Überwachung via "stummer SMS"

  • Zitat

    Original geschrieben von frank_aus_wedau
    Gefährlich leben gewöhnlich nur diejenigen, die (arglos) einfache Taten begehen, denen die Ermittlungsbehörden aber wider besseres Wissen eine Katalogtat unterstellen, die sie niemals begangen haben. Ein sehr beliebtes Spielchen, das inzwischen immense Ausmaße angenommen hat. Denn: Auch wenn sich im Laufe des Verfahrens (erwartungsgemäß) herausstellt, dass der Beschuldigte keine Katalogtat begangen hat, bleiben die Ergebnisse aus der TÜ in aller Regel dennoch verwertbar.

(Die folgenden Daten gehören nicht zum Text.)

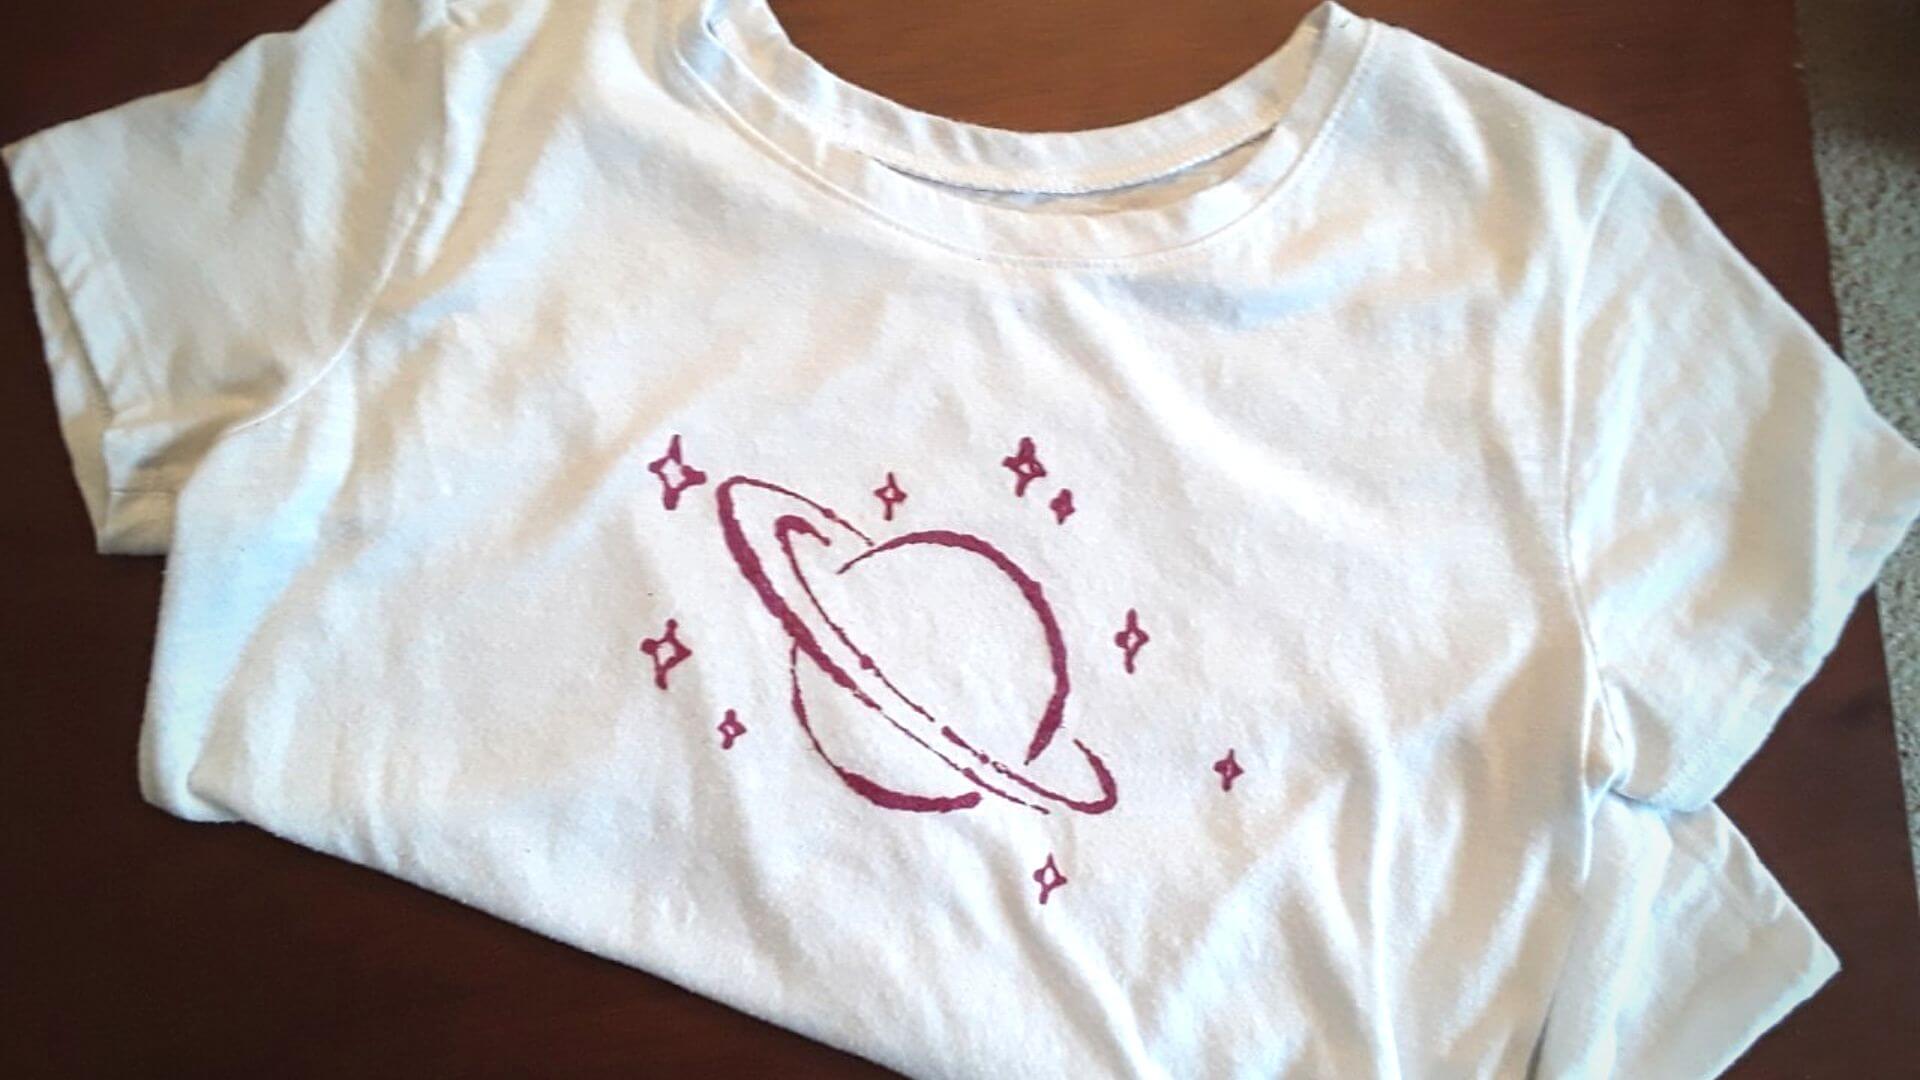 Upcycled t-shirt using puffy paint technique

    Meinst du damit, dass jemand beispielsweise einen Ladendiebstahl begeht, die StA aber, da sie gerade nichts besseres zu tun hat, dem Täter Hochverrat oder Subventionsbetrug in besonders schwerem Fall vorwirft, daraufhin eine TÜ beantragt, welche durch den gleichgültigen Richter natürlich genehmigt wird, daraufhin das Handy des Täters überwacht und ein Telefonat abhört, in welchem dieser den Ladendiebstahl gesteht und dieses abgehörte Geständnis später zur Verurteilung wegen Diebstahls führt? Und das ganze ist dann beliebtes Spielchen, welches inzwischen immense Ausmaße angenommen hat? Hast du dafür irgendwelche Quellen?

  • Zitat

    Original geschrieben von Jimmythebob
    Meinst du damit, dass jemand beispielsweise einen Ladendiebstahl begeht, die StA aber, da sie gerade nichts besseres zu tun hat, dem Täter Hochverrat oder Subventionsbetrug in besonders schwerem Fall vorwirft, daraufhin eine TÜ beantragt, ...

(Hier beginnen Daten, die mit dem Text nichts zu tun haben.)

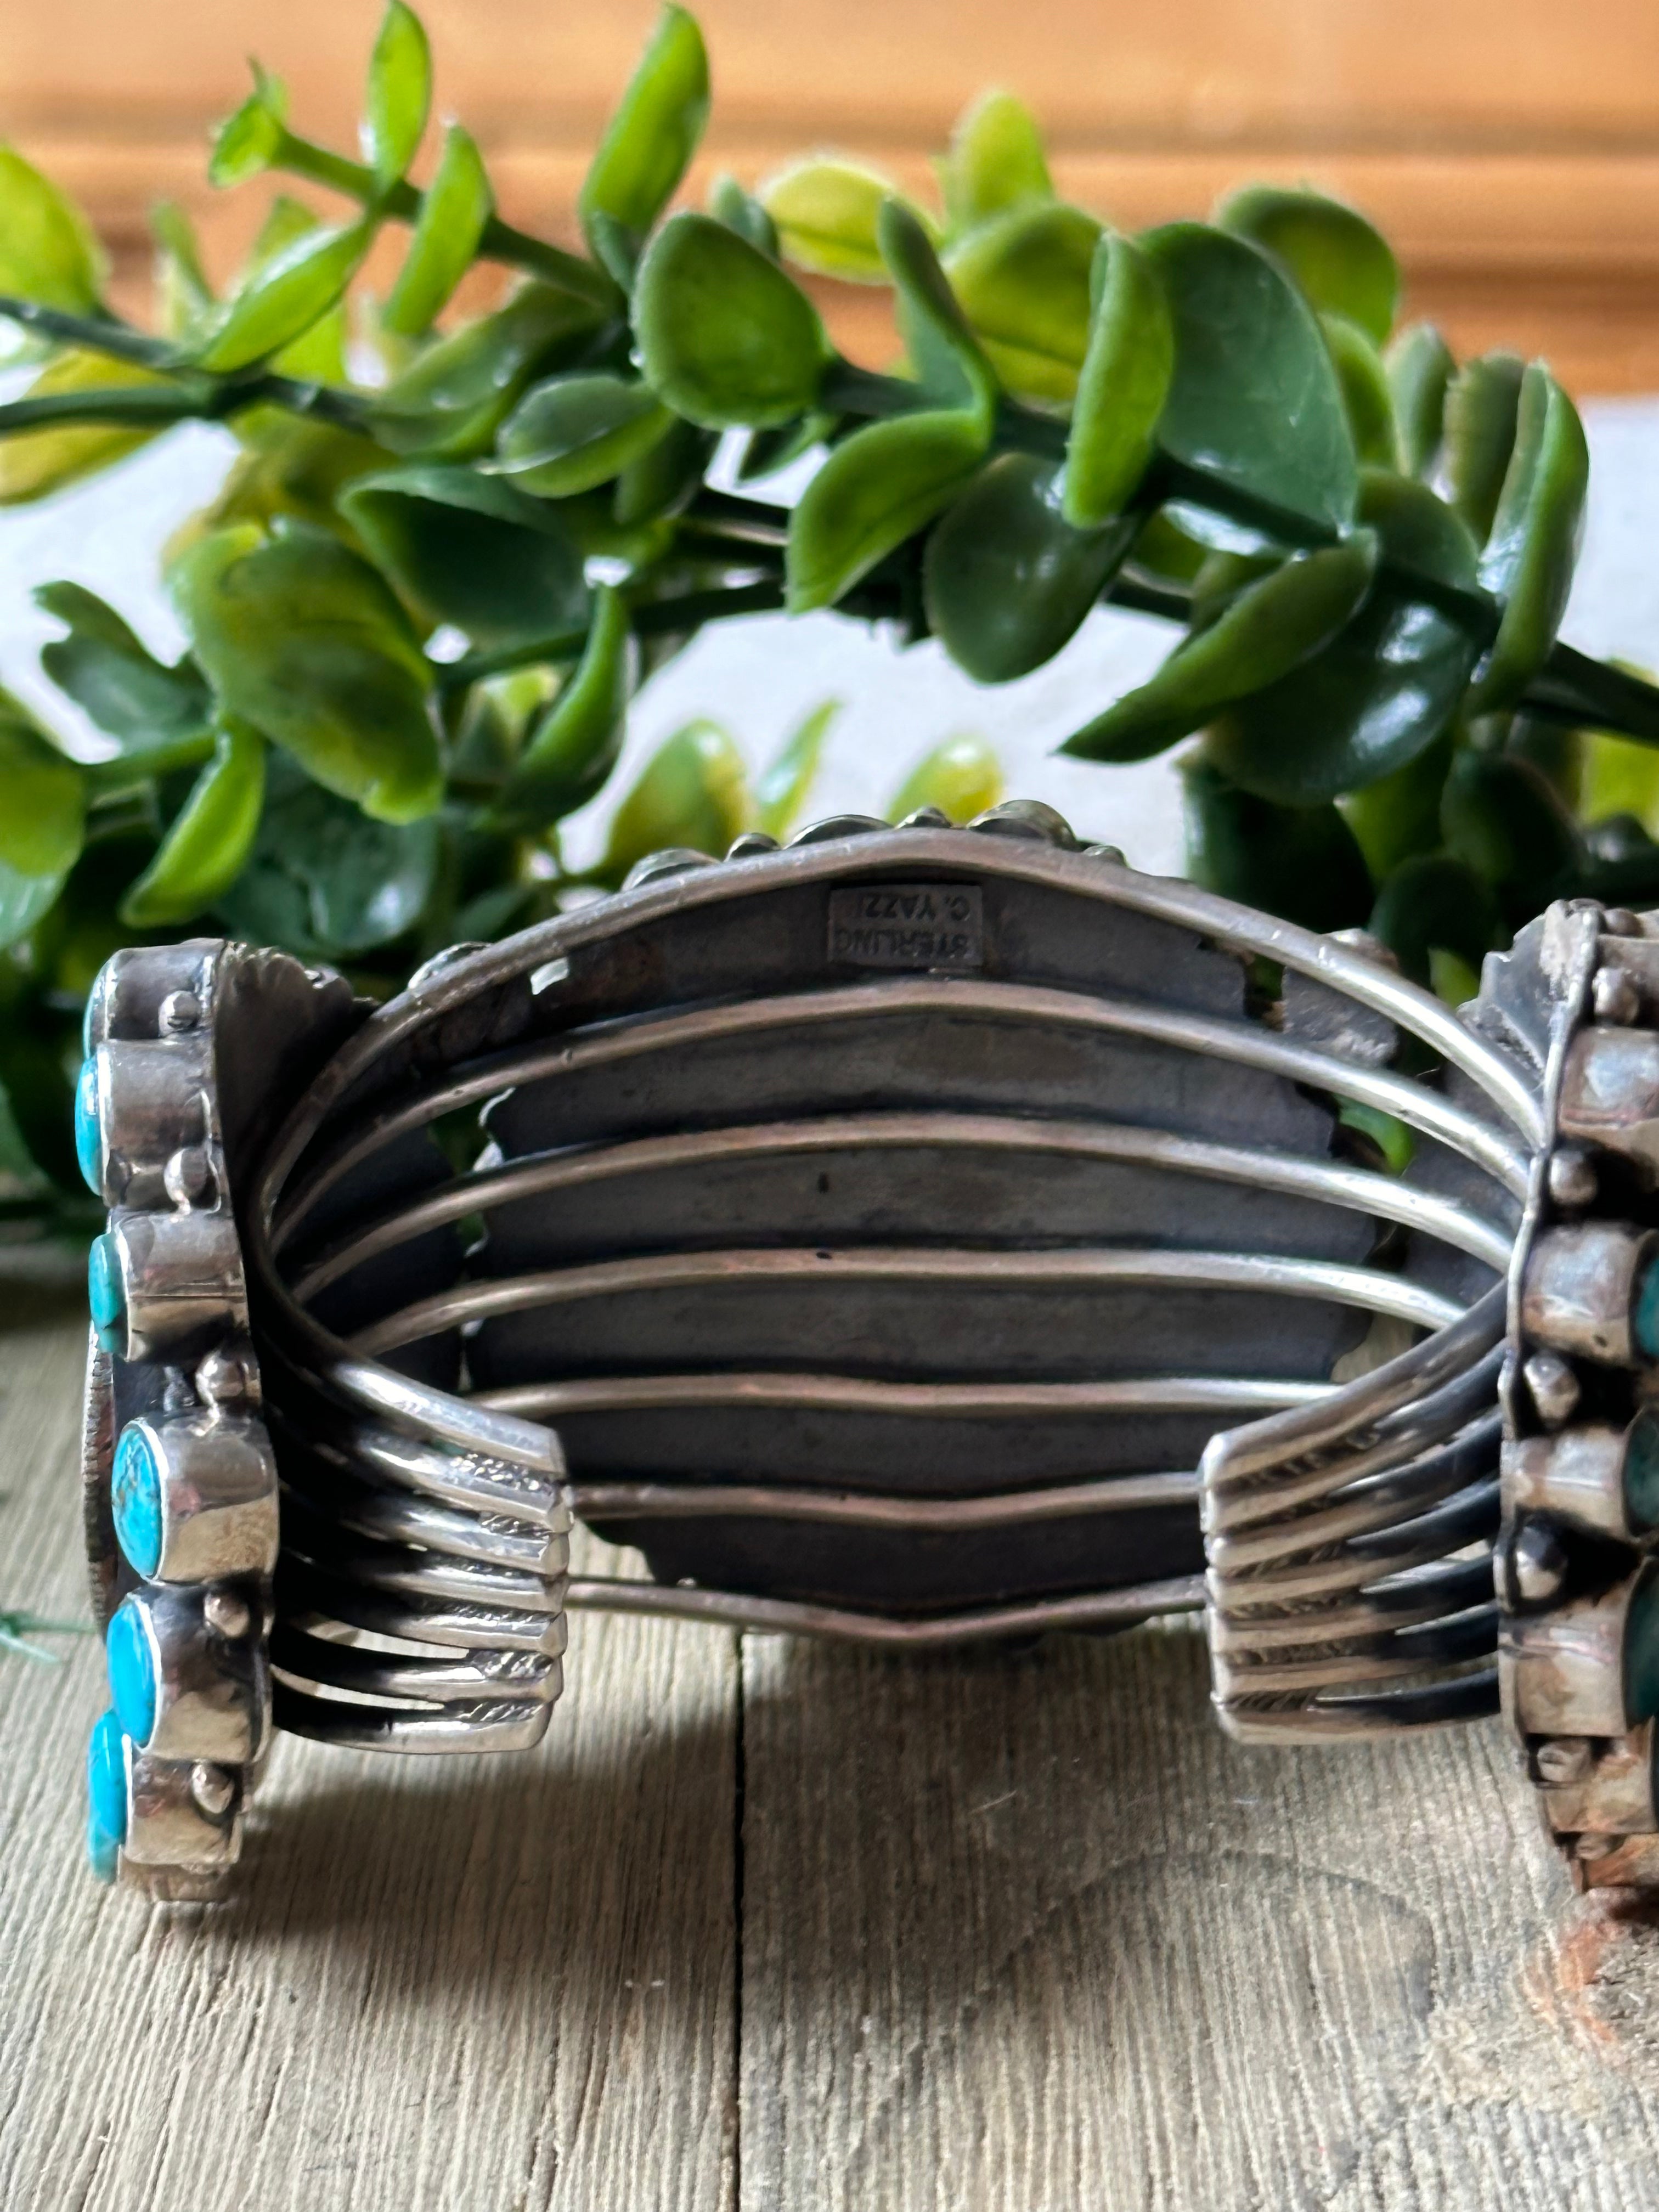 Navajo Made Kingman Turquoise & Sterling Silver Liberty Cuff Bracelet

    Ganz so krass wird man es nicht treiben ... die unterstellten Vorwürfe betreffend eine Katalogtat sind schon solche, die mit der vorgeworfenen Tathandlung in Zusammenhang stehen könnten. Beliebt sind insbesondere die Unterstellung gewerbs- bwz. bandenmäßigen Handelns oder auch "Nebenprodukte" wie Geldwäsche oder bestimmte Vorwürfe aus dem Steuerstrafrecht. Man legt halt "ein Schüppchen drauf" obwohl man weiß, dass dies nicht gerechtfertigt ist.


    Zitat

    Original geschrieben von Jimmythebob
    ..., welche durch den gleichgültigen Richter natürlich genehmigt wird, daraufhin das Handy des Täters überwacht und ein Telefonat abhört, in welchem dieser den Ladendiebstahl gesteht und dieses abgehörte Geständnis später zur Verurteilung wegen Diebstahls führt? ...

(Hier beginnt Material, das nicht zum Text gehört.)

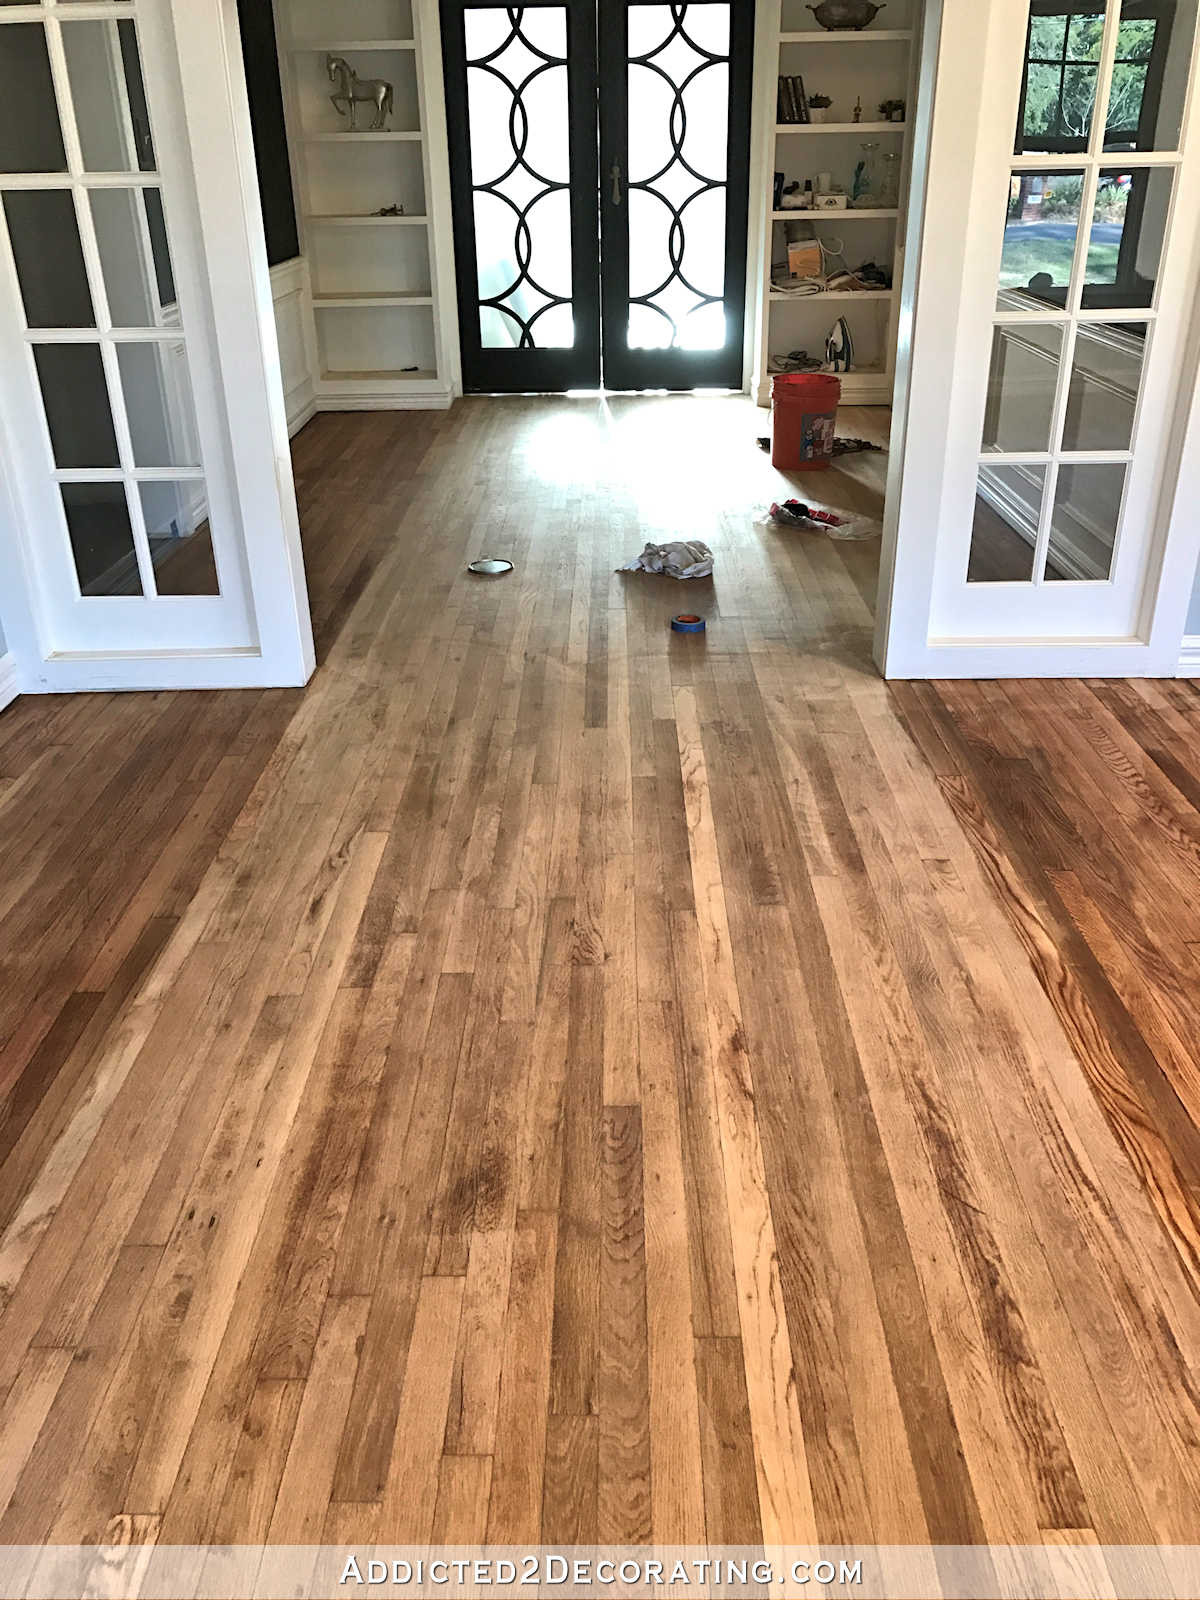 21 attractive How to Estimate Hardwood Floor Installation 2024 free download how to estimate hardwood floor installation of adventures in staining my red oak hardwood floors products process for staining red oak hardwood floors 5 music room wood conditioner

    So ist es im Prinzip. Die Rechtsprechung des BGH untersagt das leglich in Fällen, in denen die Anordnung der TÜ einen offensichtlichen Akt der Willkür darstellt. Das dem Ermittlungsrichter bei dieser Prüfung eingeräumte Ermessen ist allerdings derart groß, dass sich Willkür bei geschicktem Vorgehen mit Sicherheit nicht wird nachweisen lassen - zudem unterläge eine Beweiserhebung in diesem Punkt dem "Freibeweis", der nicht an starre Regeln gebunden ist. Persönlich habe ich noch keinen Fall erlebt, in dem einem Ermittlungsrichter von seinen Kollegen Willkür unterstellt worden wäre.


    Zitat

    Original geschrieben von Jimmythebob
    ... Und das ganze ist dann beliebtes Spielchen, welches inzwischen immense Ausmaße angenommen hat? Hast du dafür irgendwelche Quellen?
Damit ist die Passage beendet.